Copy the data precisely, character for character, and leave out every picture.

The data:
-=-=-=-=-

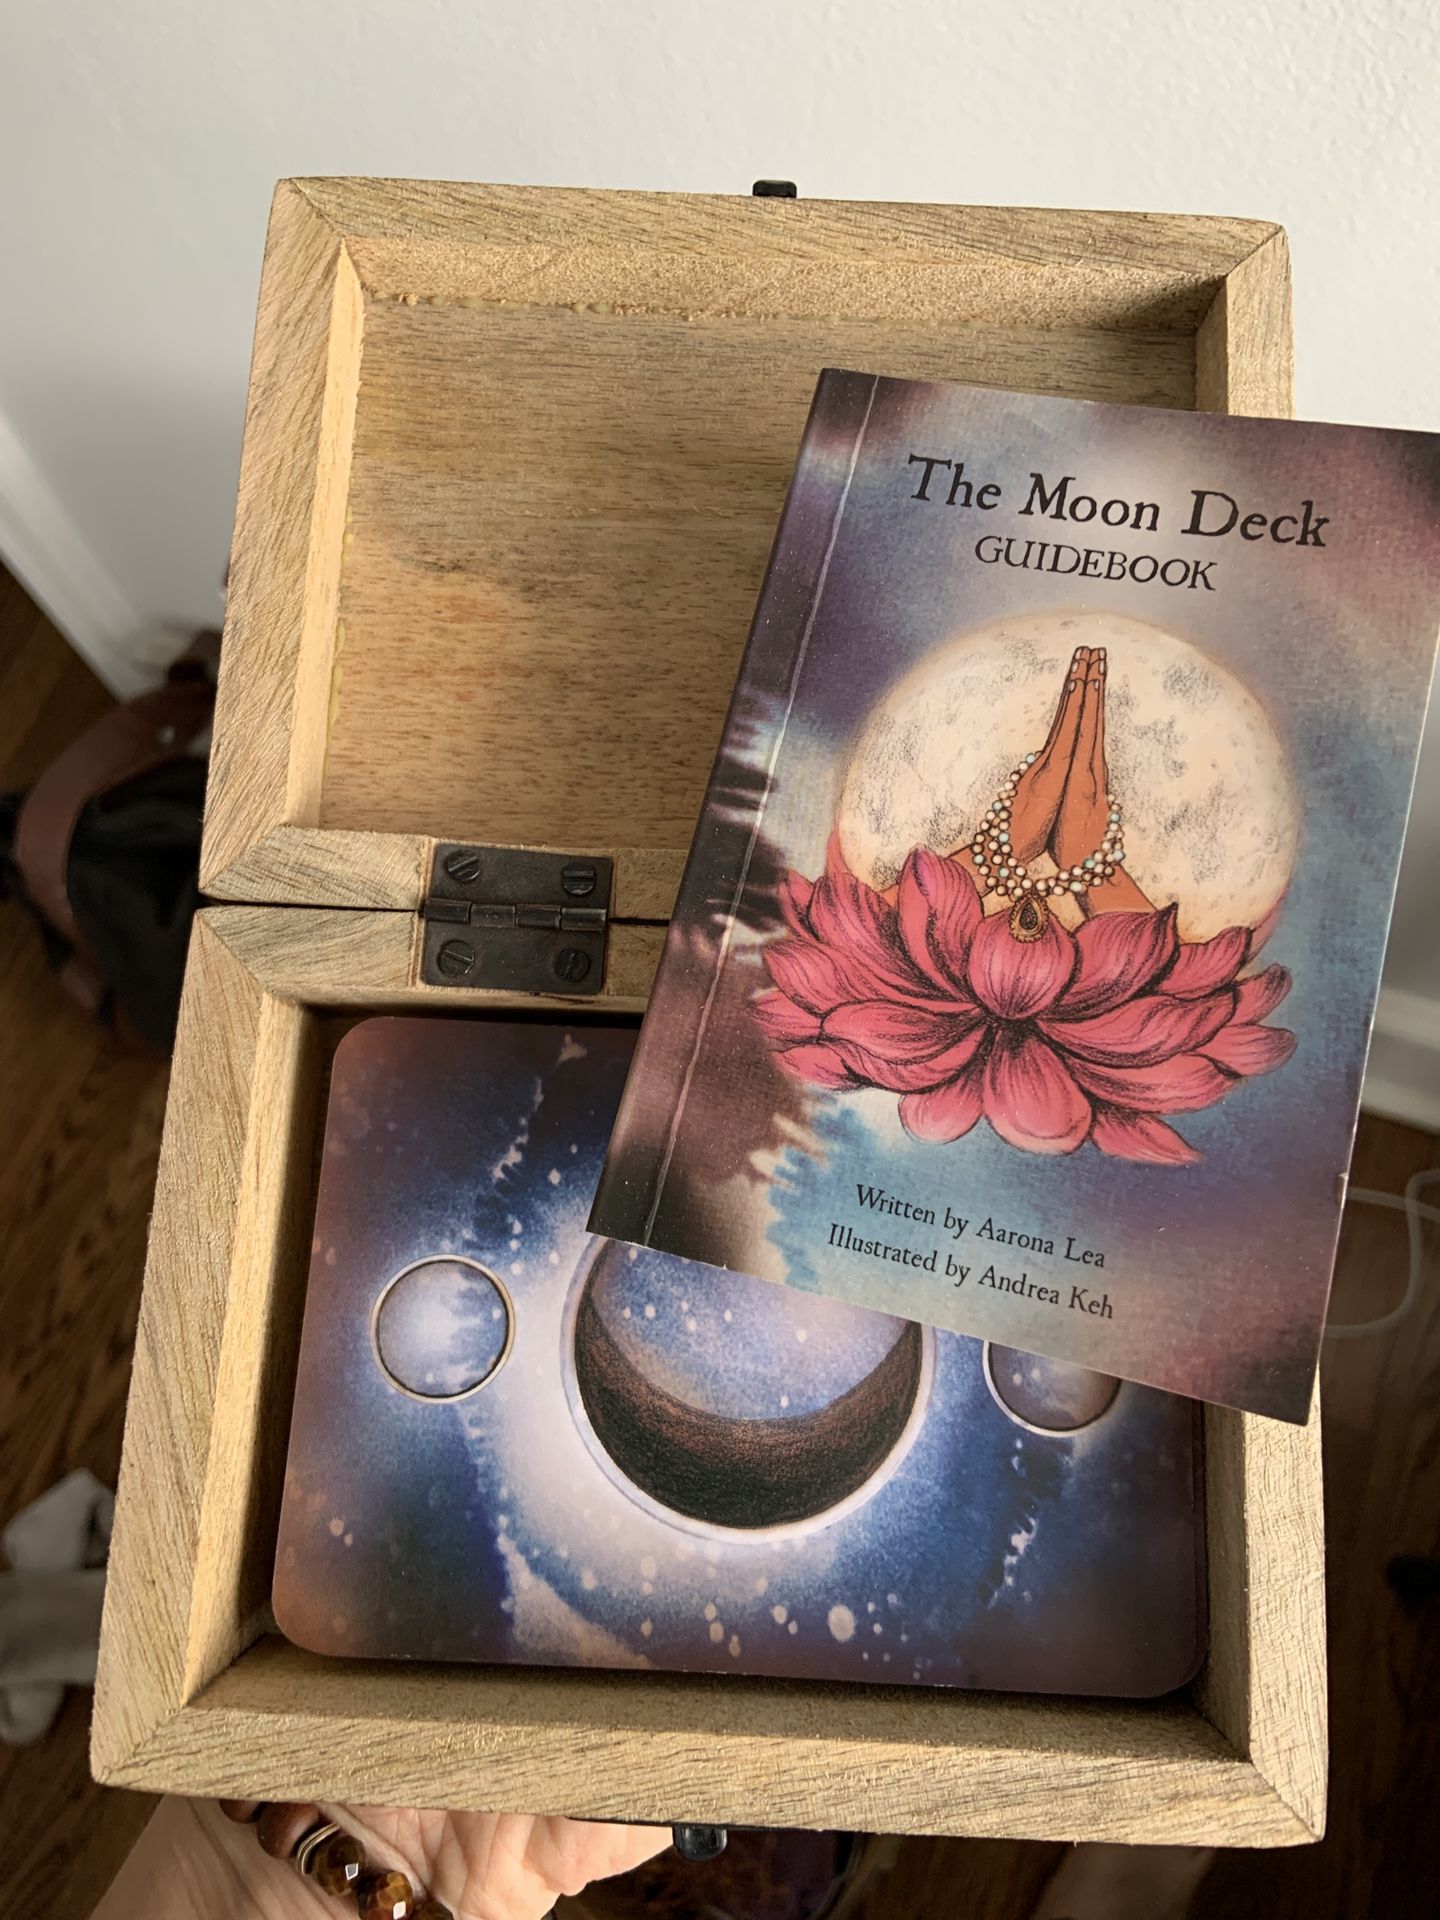 Brand new moon deck + beautiful wooden box
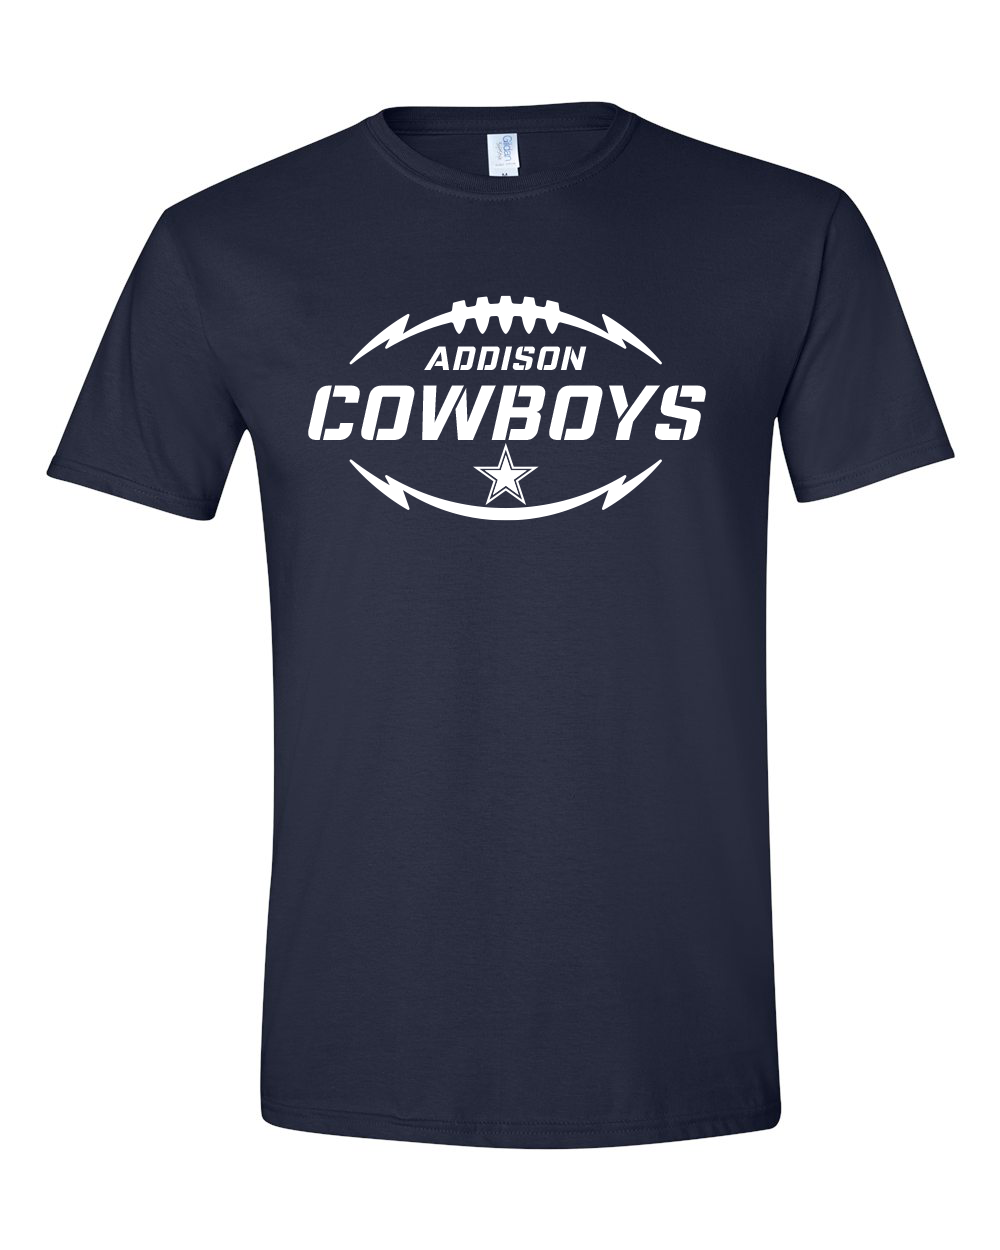 New Addison Cowboys - T-shirt - ADULT
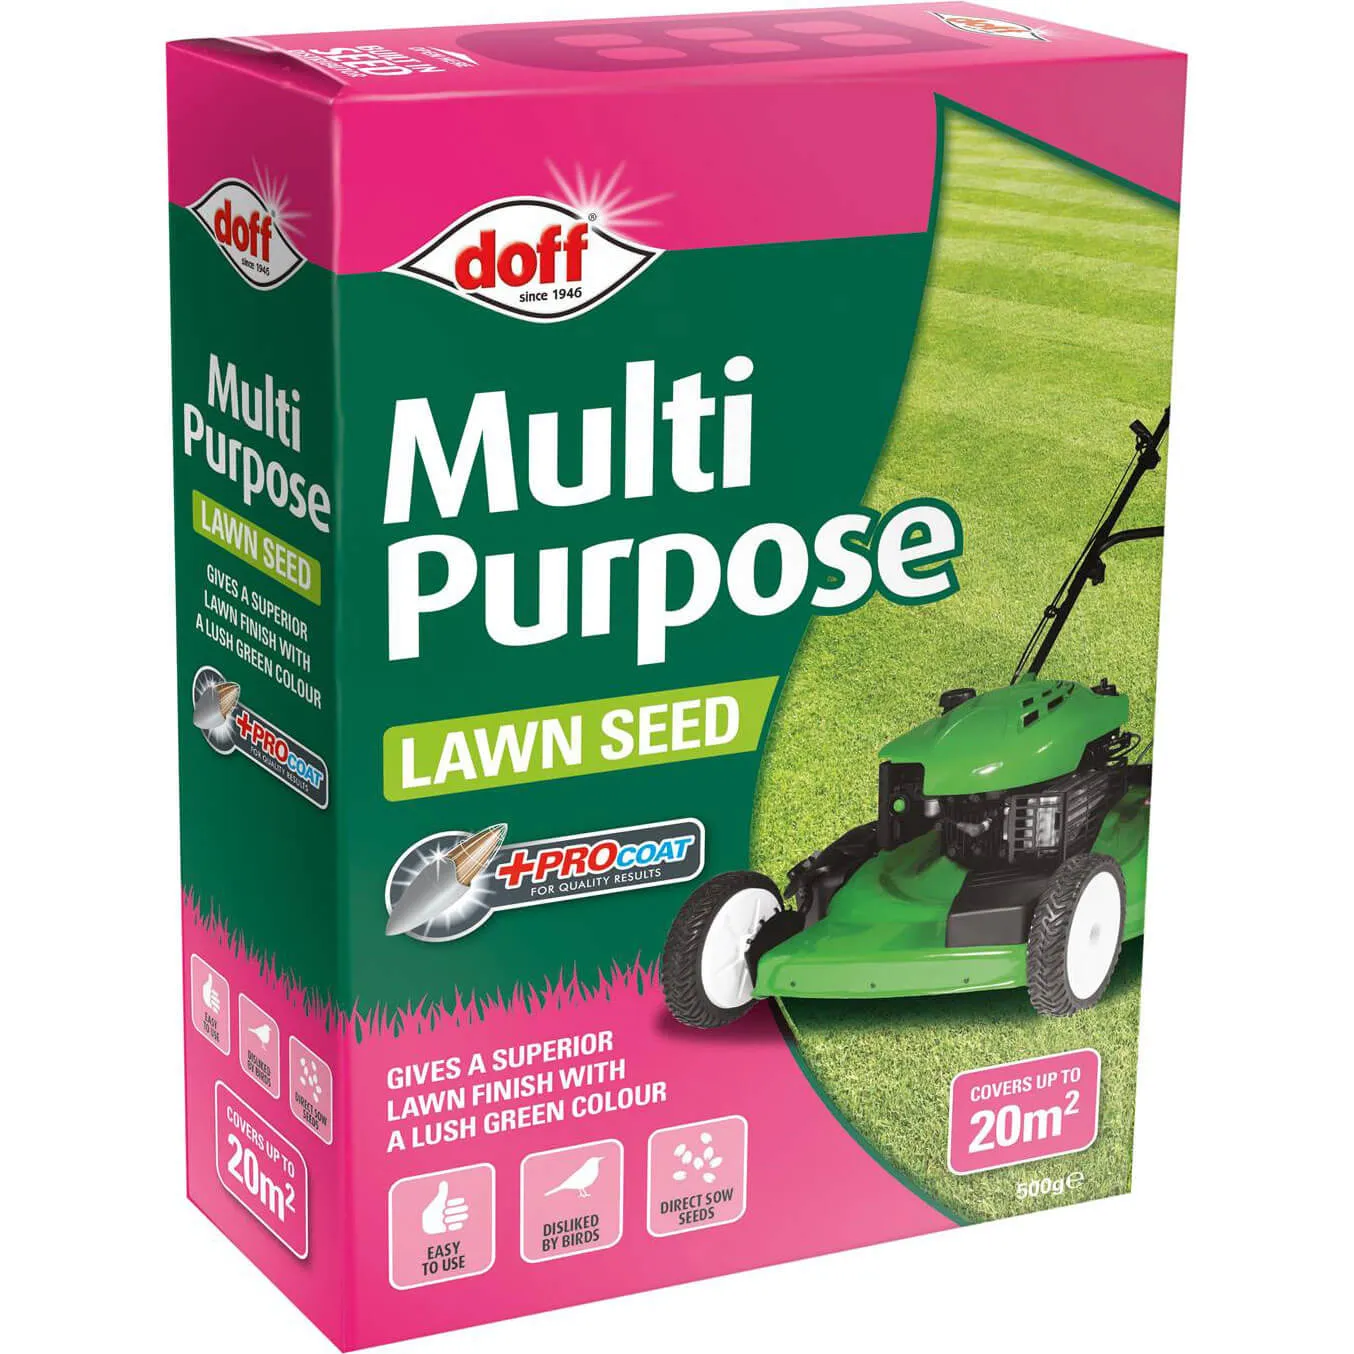 Doff Multi Purpose Lawn Seed - 500g
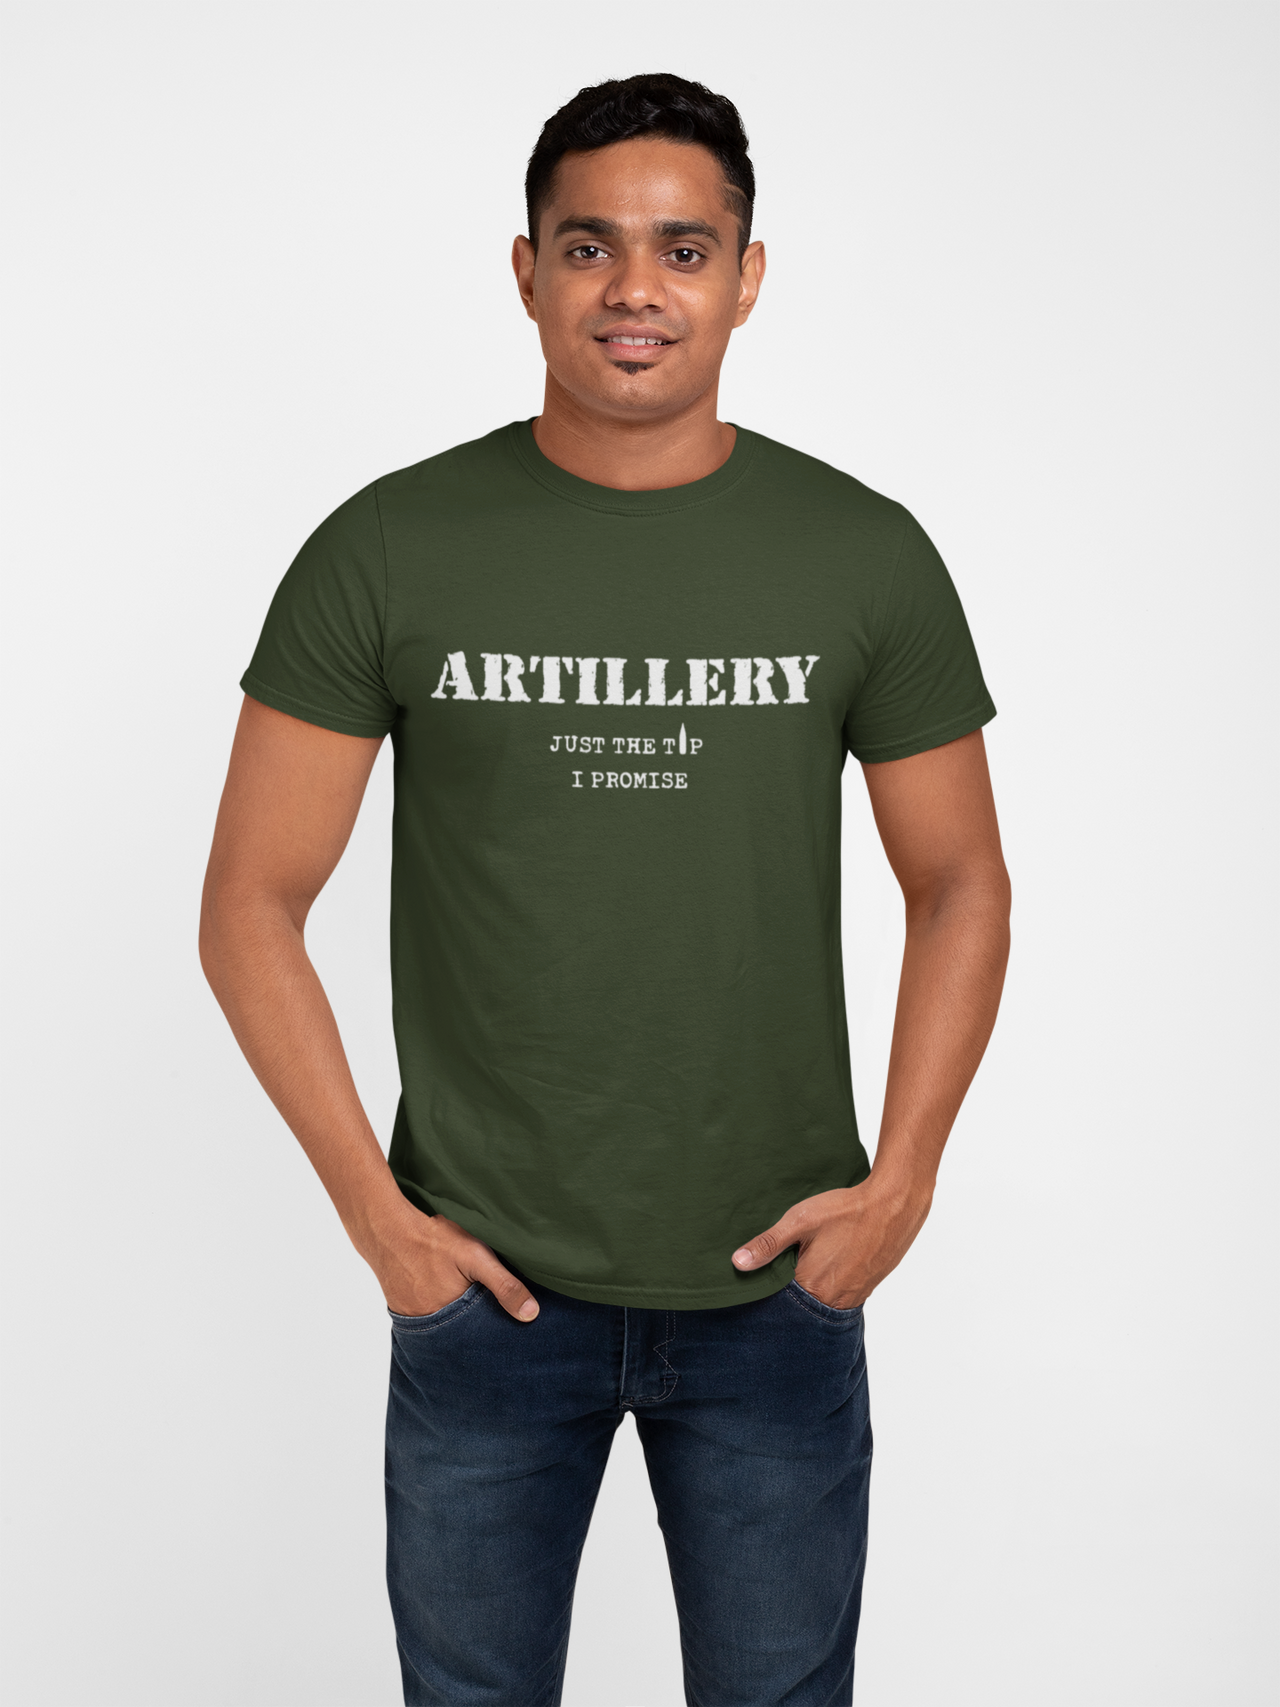 Artillery T-shirt - Just the Tip, I Promise (Men)

-=-=-=-=-

Reply:
 Brand new moon deck + beautiful wooden box
 New Addison Cowboys - T-shirt - ADULT
 Doff Multi Purpose Lawn Seed - 500g
 Artillery T-shirt - Just the Tip, I Promise (Men)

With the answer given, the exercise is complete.